PAGTN imeplementation #137

Closed VIGNESHinZONE closed 3 years ago

VIGNESHinZONE commented 3 years ago

I had recently come across this paper PAGTN and code. I was planning on implementing this paper in dgl-lifesci. As per the contribution guidelines, I felt that I should get the repo maintainer's opinion before making a PR.

I have finished reproducing some of the results from this paper on MoleculeNet (ESOL, BACE, BBBP) and can be found on this collab notebook here.

Could you please let me know if adding this model will be fruitful to the dgl-lifesci community?
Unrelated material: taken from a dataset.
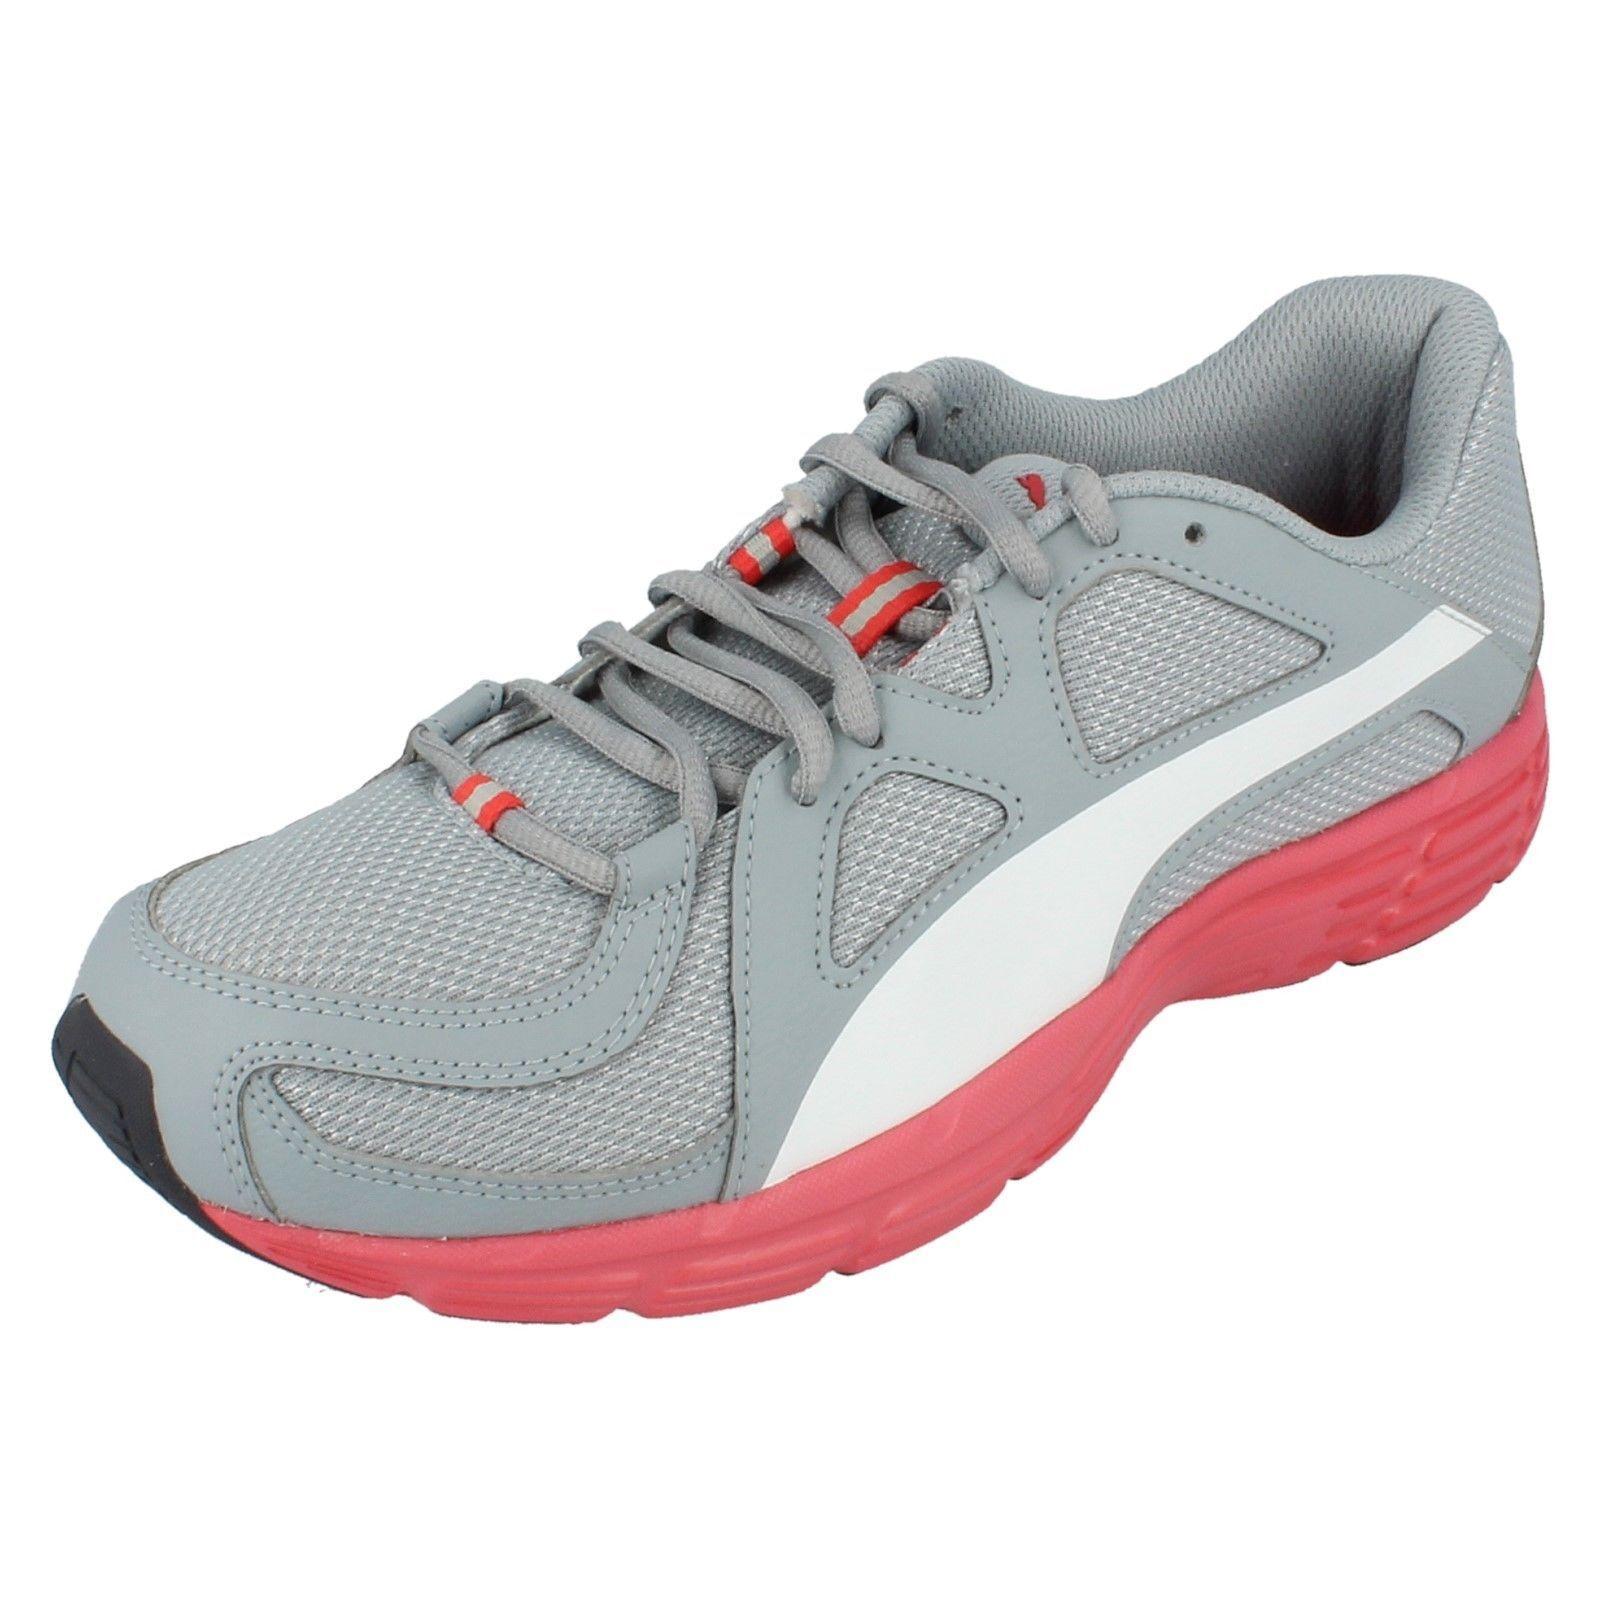 Hombre Puma Zapatillas - Axis V3 Malla Wild casual shoes

Here are a few short notes about the model to save time -

1) The model uses a complete graph for the molecule where each node is connected to every other node. For edge feature between any two nodes, they find the shortest path between two nodes as the path along with bonds and build features about it. Ex - The shortest path between node 8 and node 5 is 8 -> 7 -> 6 -> 5 Screenshot from 2021-02-19 08-21-29

2) The node features are a concatenation of one-hot-encoding vectors of Atom_type, formal_charge, valency, etc. 3) The edge features are a concatenation of bond type in the shortest path between two nodes and aromatic ring type.
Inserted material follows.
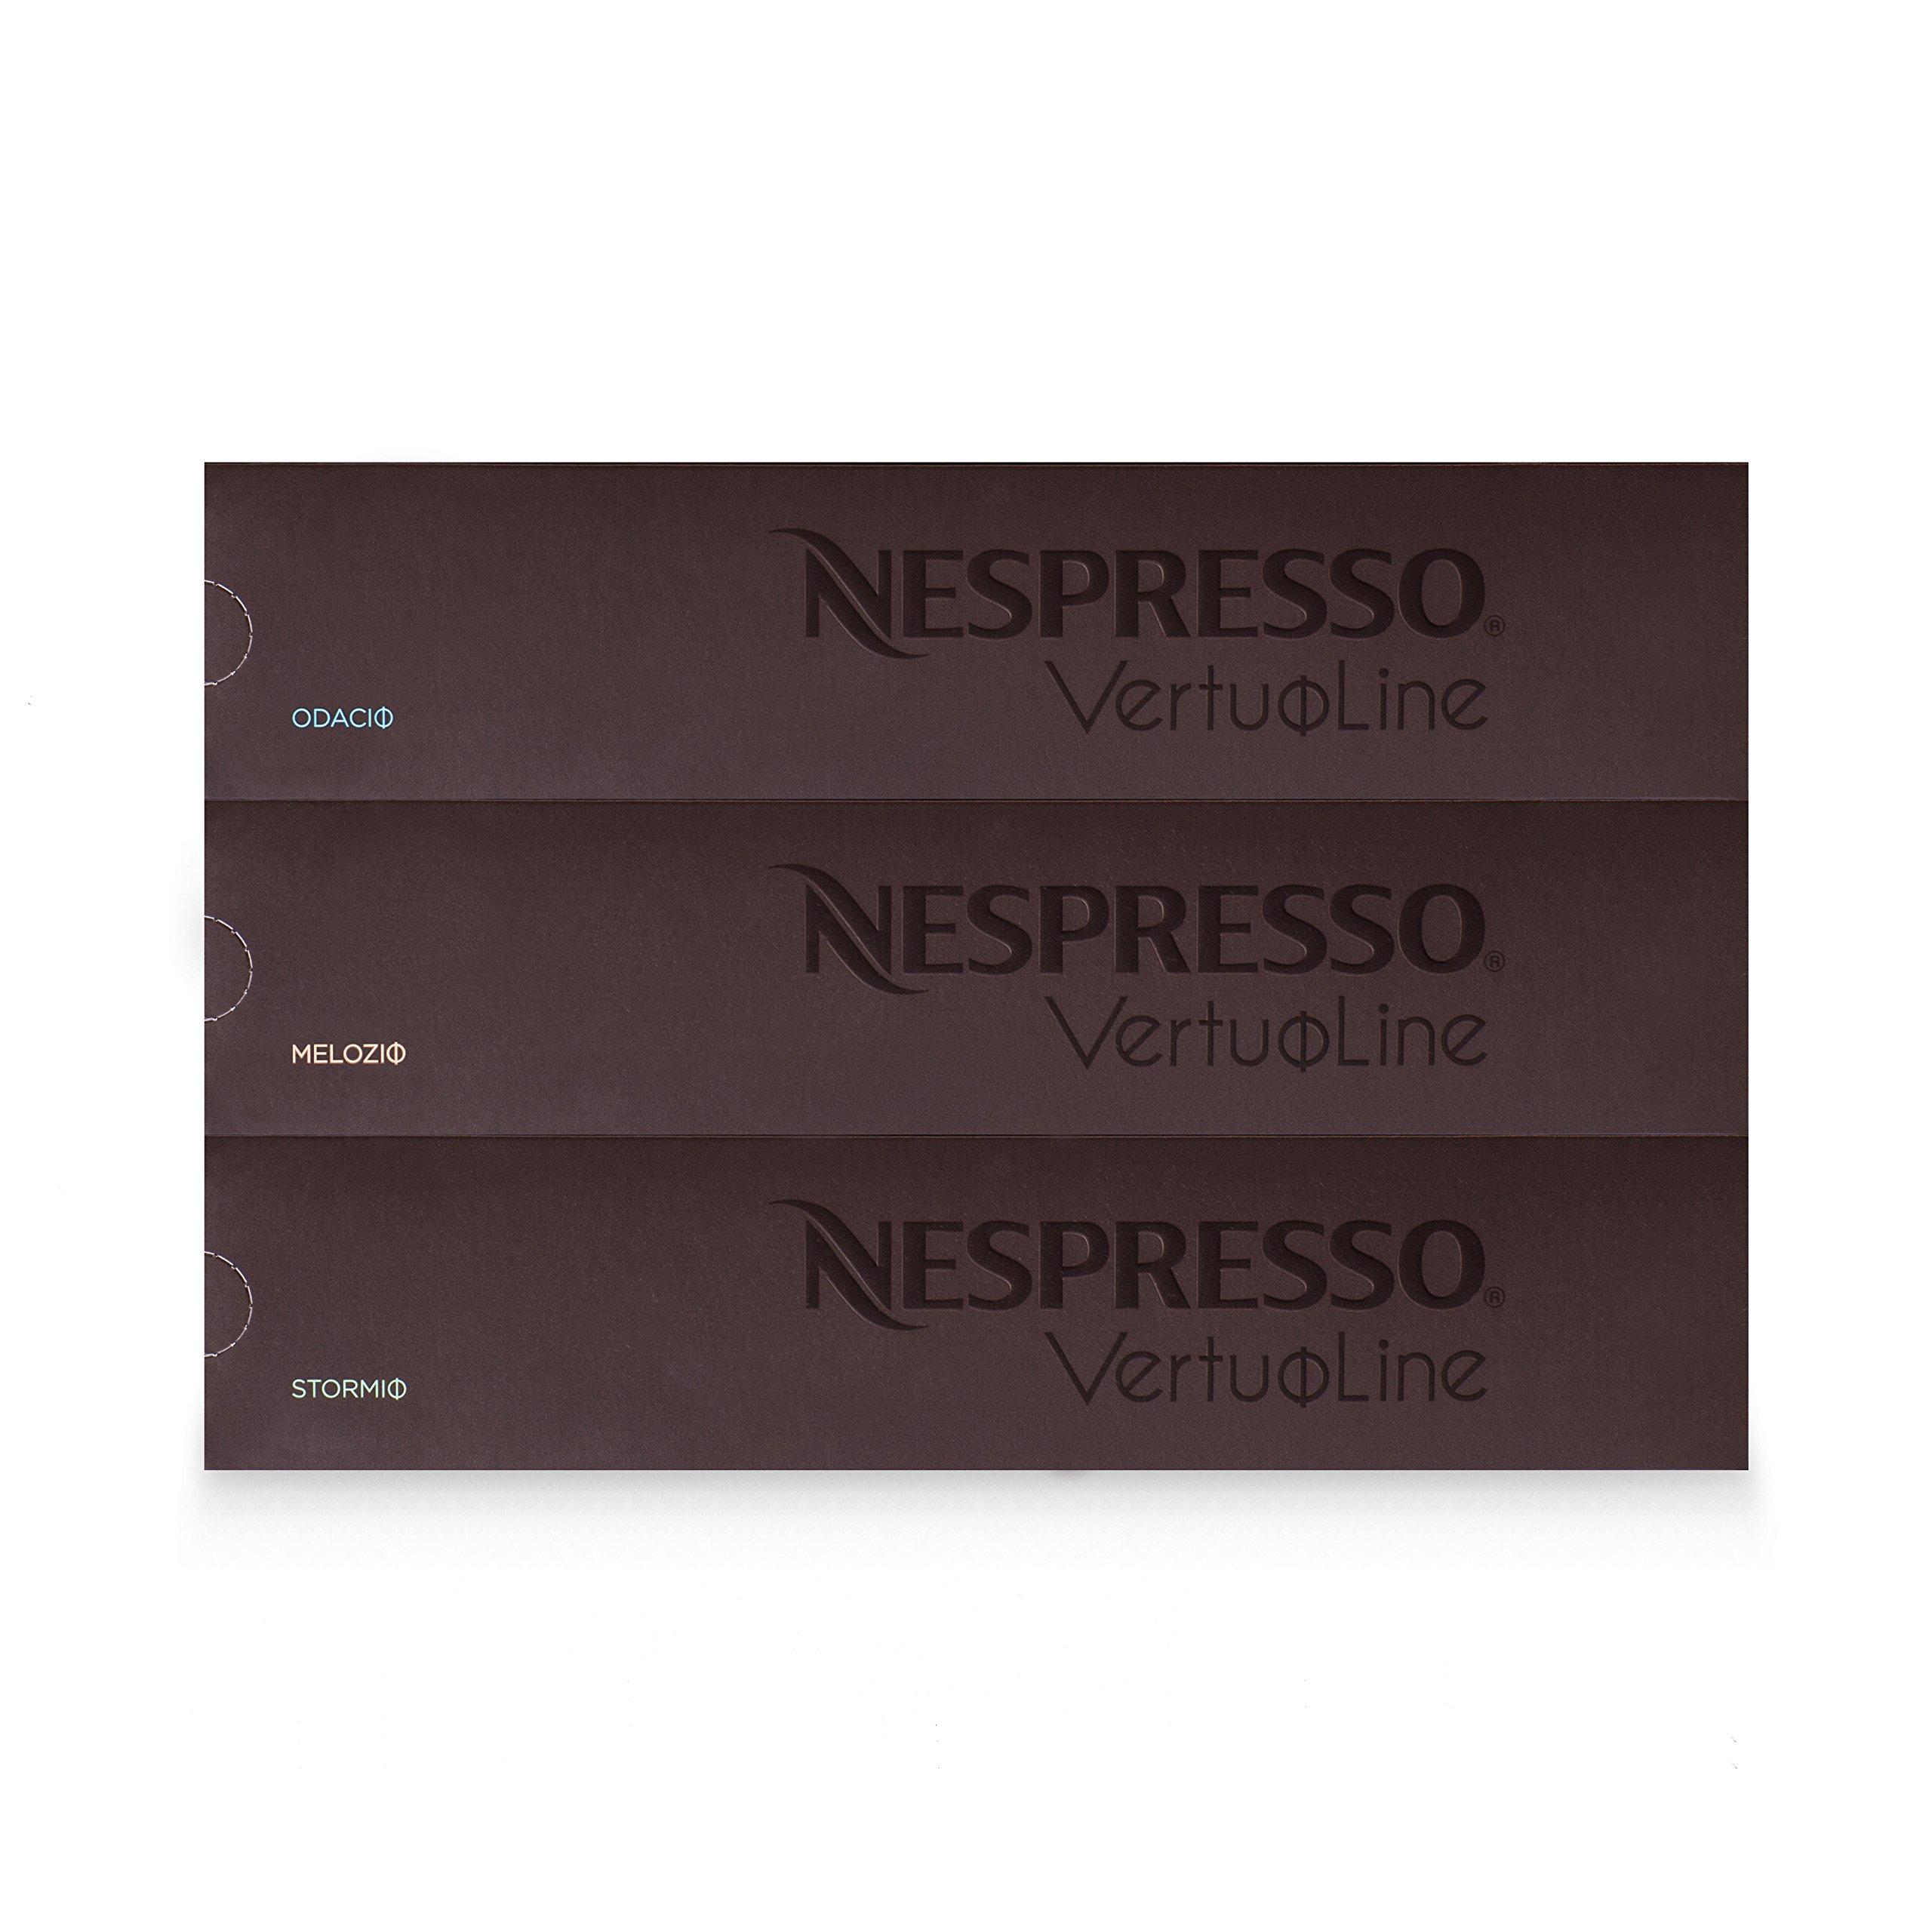 Nespresso Vertuoline Best Seller Assortment, 10 Count (Pack of 3) by Nespresso (Image #4)

4) About the neural network- it is very similar to the GAT model but a lot of residual connections and slightly different message-passing strategy which give it a lot of benefits.

Please let me know if I should proceed further working on this model. I will have to clean the existing code, add docs and few optimisations.

mufeili commented 3 years ago

Sorry for the late reply and thank you for your interest in contribution. Are you going to implement it anyway? Does this model perform well in your experiments?

VIGNESHinZONE commented 3 years ago

I was implementing it for the sole purpose of contributing to this organization and then a wrapper function in deepchem. About the results, I tried experimenting on ESOL and BACE using scaffold splitting.

ESOL --> 0.68 RMSE error BACE --> 0.92 auc score

I mainly wanted to know if there were any criteria for deciding if a model has to be implemented in this repo or not- 1) Is it about new novel architecture? Or 2) Is it about benchmarking on a few of the moleculenet datasets or comparable results with GCN / GAT?

mufeili commented 3 years ago

The results sound good. There isn't a criteria and I generally welcome any contributions.

VIGNESHinZONE commented 3 years ago

Thanks, I will start a PR in few days.